Le organizzazioni dei lavoratori, in linea con il principio morale della fraternità, a suo tempo fondativo dell’Internazionale (Sinistra Sindacale, 2023, n.1), avverse a ogni forma di nazionalismo, l’arma usata da sempre dalla borghesia industriale per dividere gli operai (Sinistra Sindacale, 2022, nn. 16 e 19), si ritroverebbero ad accogliere umanamente lo straniero che arriva e politicamente il lavoratore che diventerà.
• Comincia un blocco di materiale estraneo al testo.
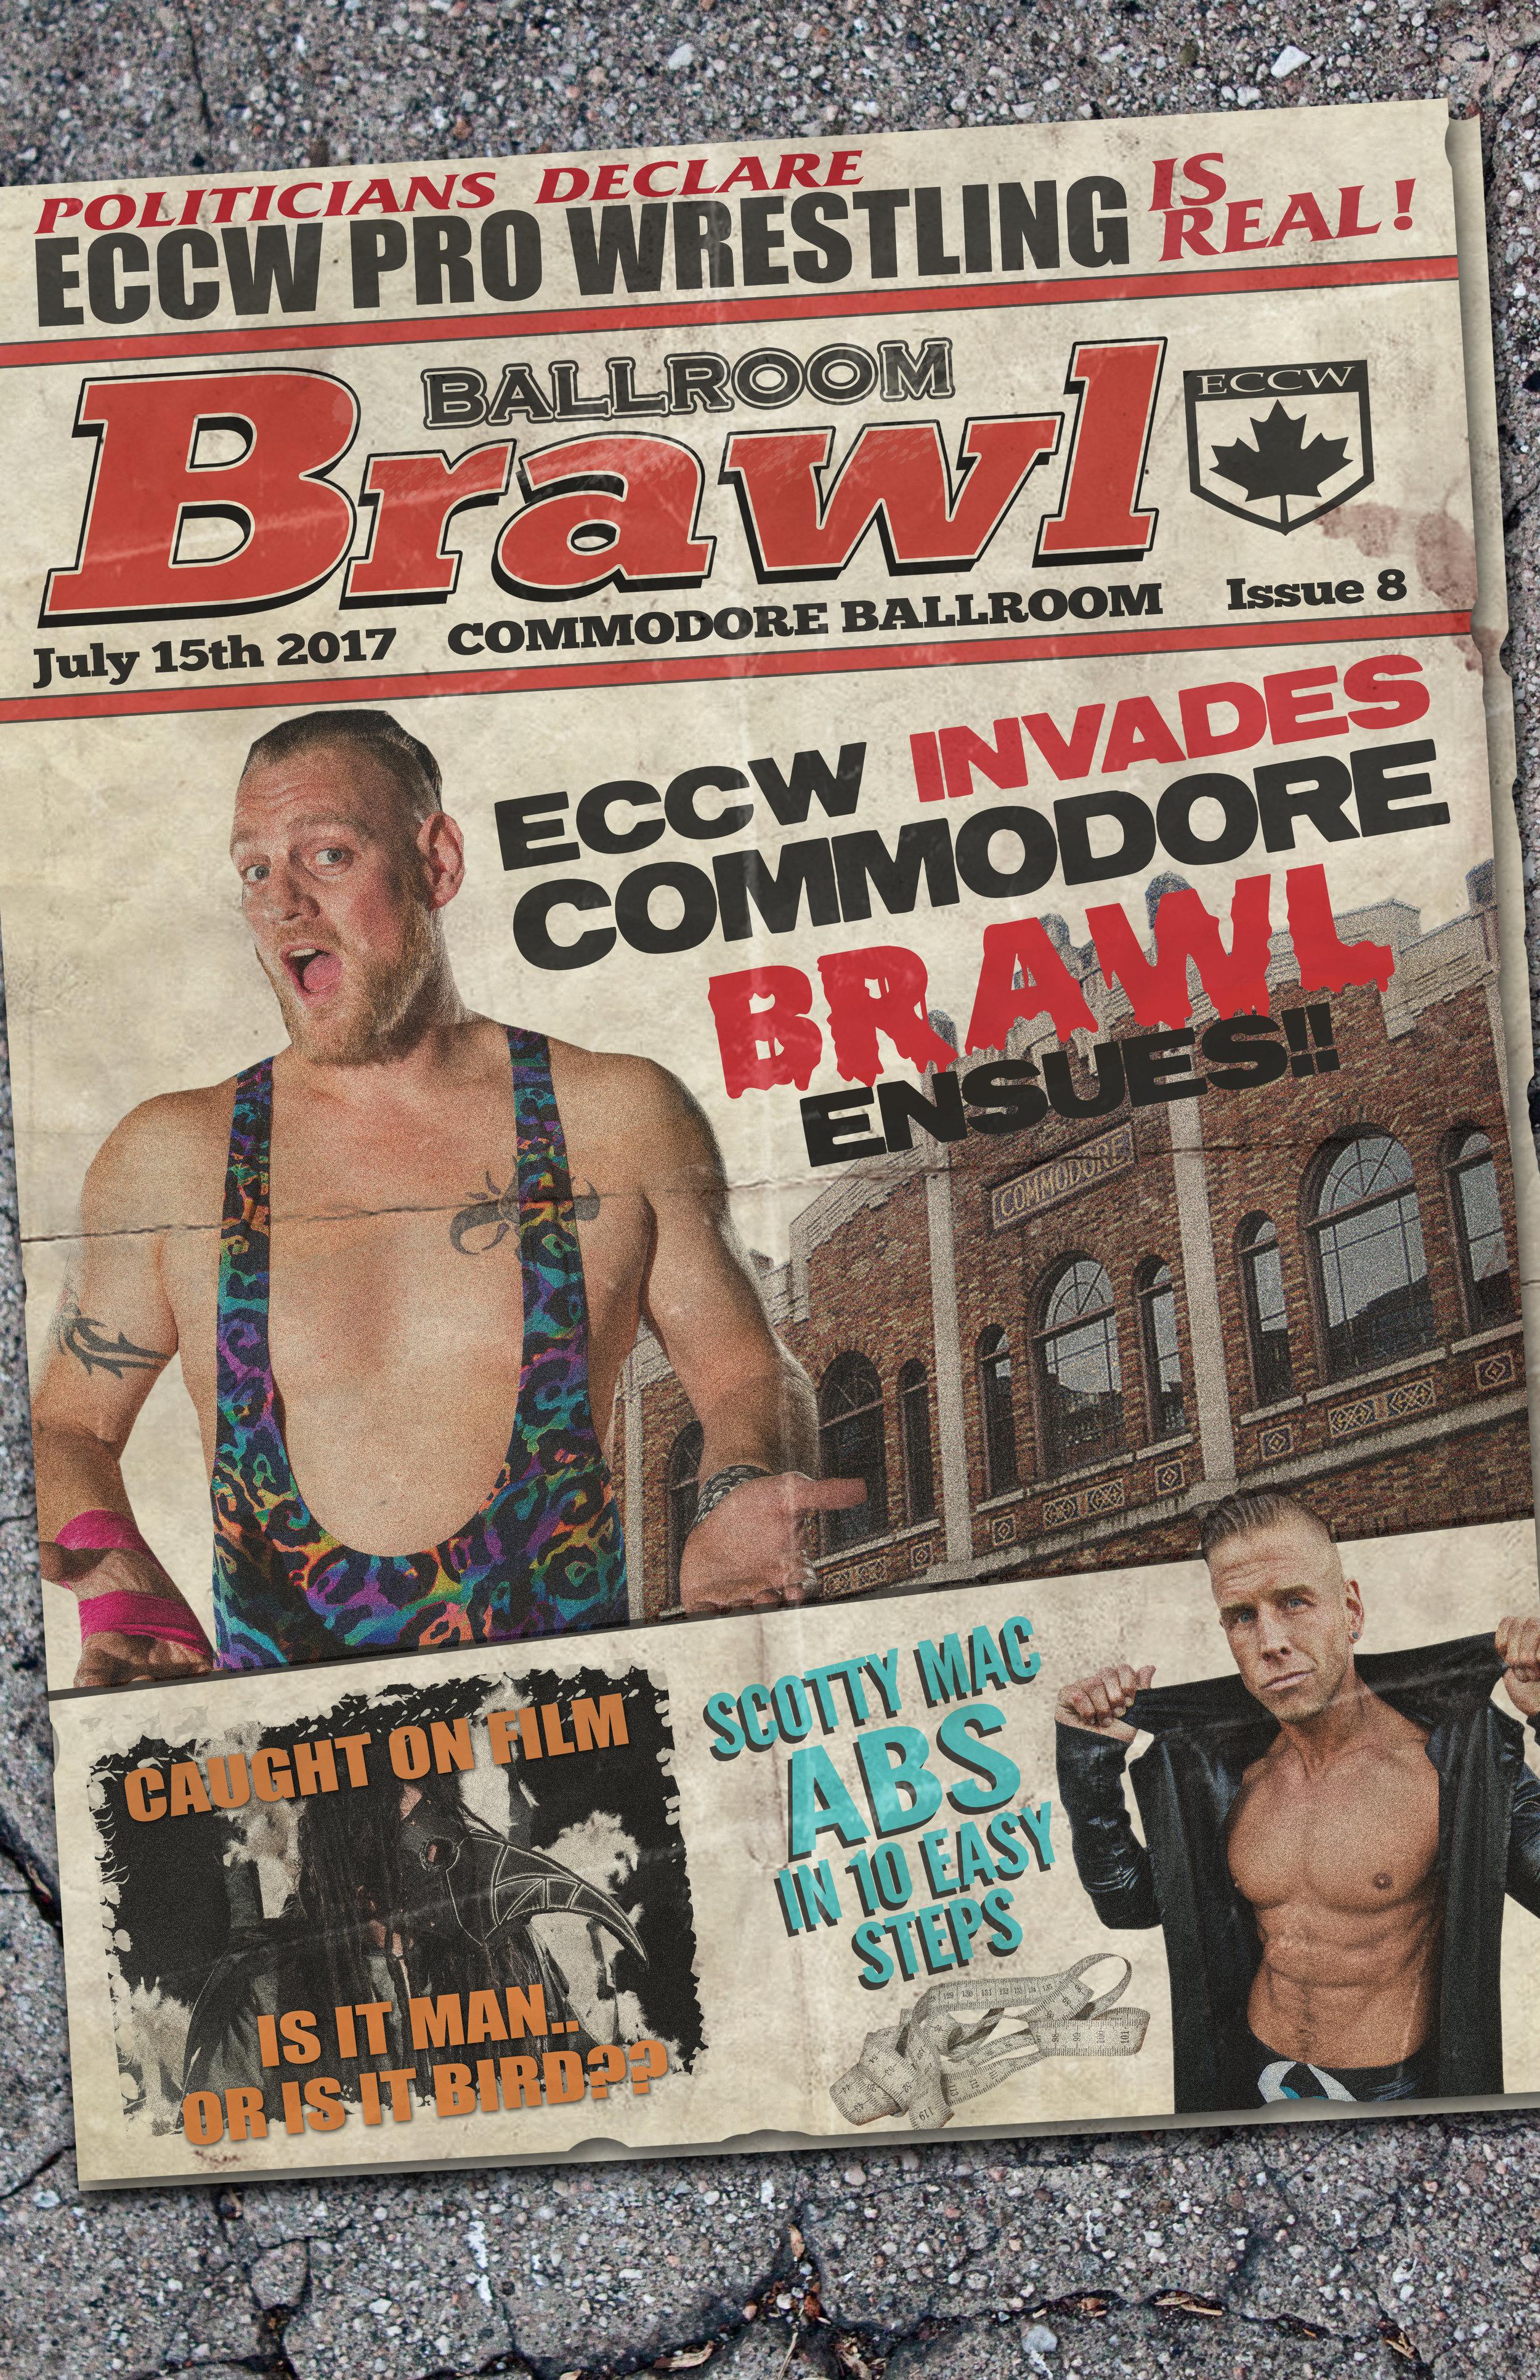 eccw ballroom brawl 8 teaser poster.jpg

Sebbene Marx nei ‘Grundisse’ invitasse ad abbandonare ogni funzione sociale significativa legata alle forme dell’immaginazione (tanto mitica quanto utopica), individuava comunque nel sistema monetario la potenza oggettiva con cui il capitalismo creava un falso universalismo (tutti uguali davanti al valore delle merci), una vuota omogeneizzazione indotta dal calcolo; ora grazie all’utopia di un’accoglienza offerta direttamente dalle organizzazioni dei lavoratori a quei lavoratori a venire che sono gli immigrati, si renderebbe quell’universalismo concreto perché ognuno, al di là delle differenze individuali di cui è portatore, sarebbe tenuto a riconoscersi uguale “davanti a una verità” (Alain Badiou), ossia di condividere la stessa condizione di subalternità dentro e fuori i processi produttivi e, di conseguenza, lo stesso percorso di lotta per emanciparsene.

 

Bibliografia

A. Badiou (1999), San Paolo. La fondazione dell’universalismo, Cronopio, Napoli.

F. Denunzio (2011), Mito, politica e scienze sociali. Intervista a Pierre Macherey, “Critica marxista”, n. 5.